Patty DeMarco made me cry. He called me names and wouldn’t stop as I tried to walk away, with him following me on the North Philadelphia street we lived. On and on he went, badmouthing me, until he saw my brother, who helped me into his little red wagon, and pulled it home, me sobbing all the while behind. I was four.
“Refugee,” was one of the names Patty said. “Deportee,” was another. I didn’t know what either meant, but he aimed the words at me and my family. I knew inside they were unkind words. Meant to hurt someone. To make fun of them. To belittle them.
My father spoke with an accent. He was 15 when he came from Greece, the eldest of nine boys and girls, while making his way in the “foreign” land called America during the “Roaring 20s.” He came from a small fishing village on the Island of Nysiros, a volcanic land mass split into four tiny villages.

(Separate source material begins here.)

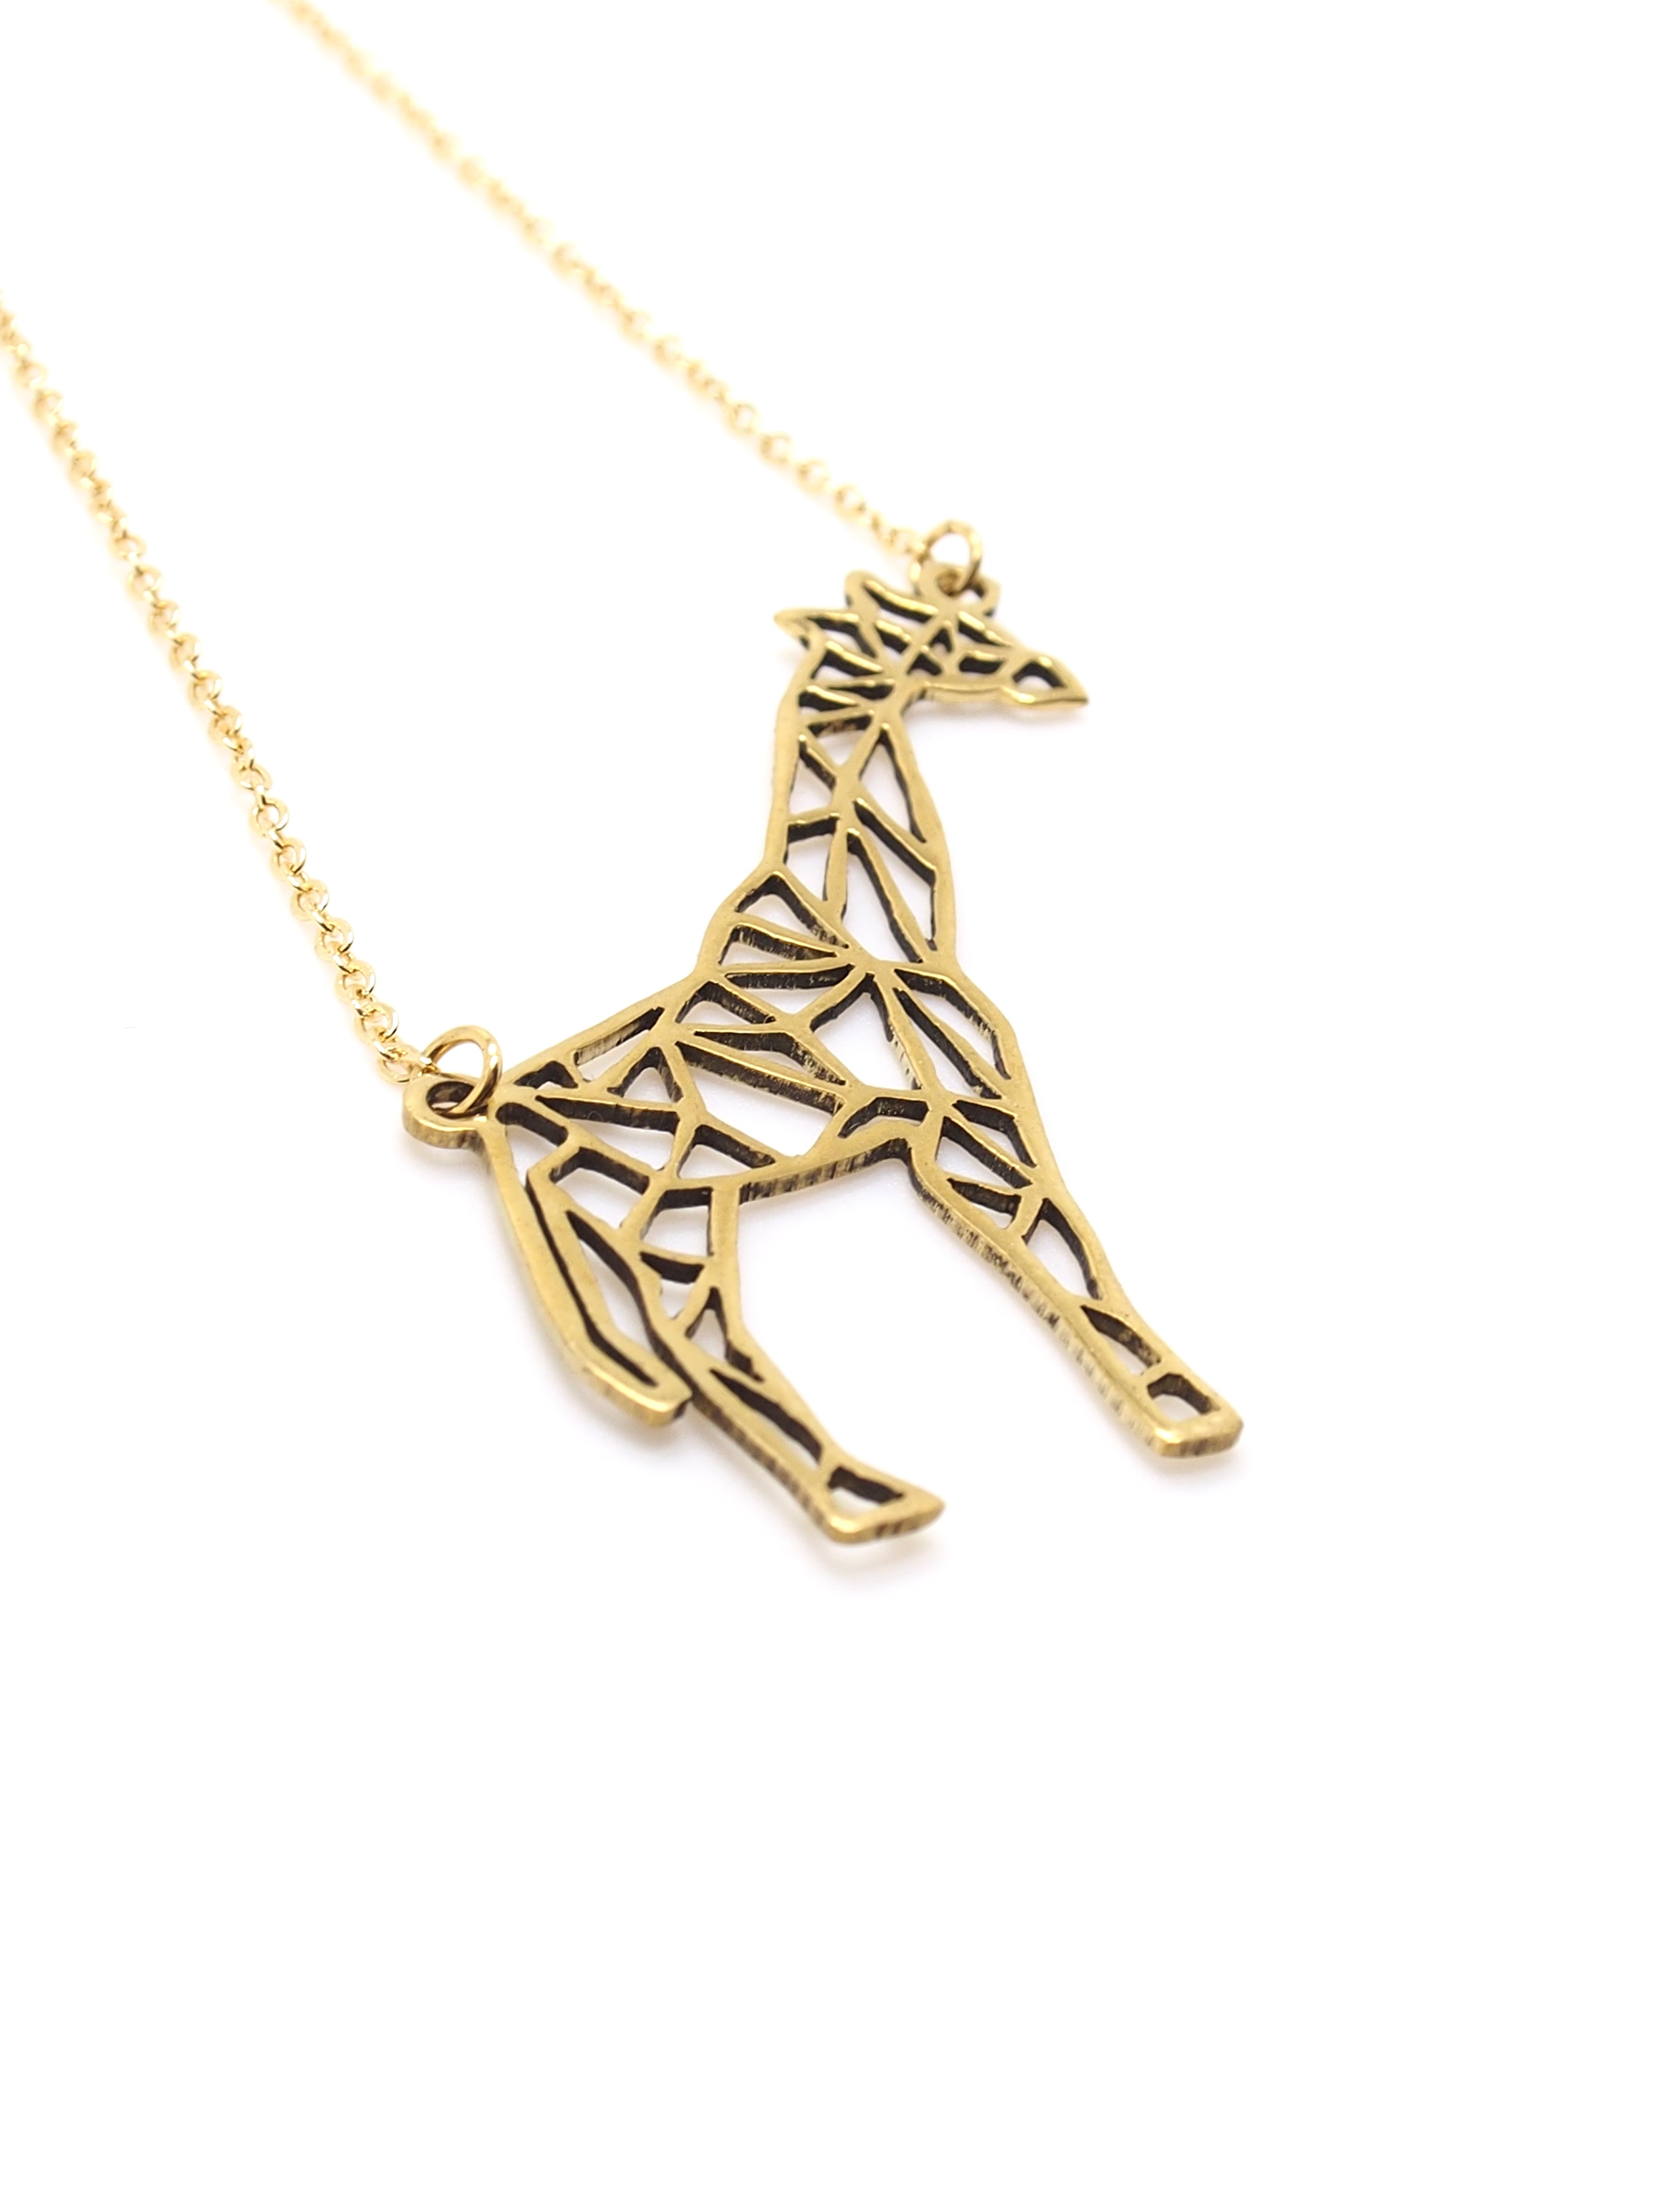 Hansel & Smith - Giraffe Necklace

Patty made fun of the way he talked. Patty also poked fun at the woman across the street that spoke with a German accent. He always said it in a way to make people feel bad. I felt bad for ’em, as well as myself.
As I grew older, I heard other remarks, and while none made me cry, they hurt the same way. “Spic.” “Greeseball.” And then the variation of the “N” word, as in “n—– – lover,” against me, and the full ugly word against my friends who happened to be Black.
Kids did not come up with those words by themselves. They heard them from their parents. Used at the dinner table by mostly poor White men who were just passing on bigotry from their fathers, their grandfathers.
And, it probably wasn’t just the men. I dated a girl who let her bias show. We had argued and broke up. She called me a “Spic.” I thought you had to be Spanish before someone could call you that. This Irish girl knew next to nothing about the world, but learned enough to call someone a name, whether it fit or not.
Some called me a “little Jew bastard.” They had gotten my heritage and birth status completely wrong, but it didn’t seem to matter — it fed the fear and ugliness inside of them. Their little minds, their petty need to feel superior by putting down as inferior someone different from themselves.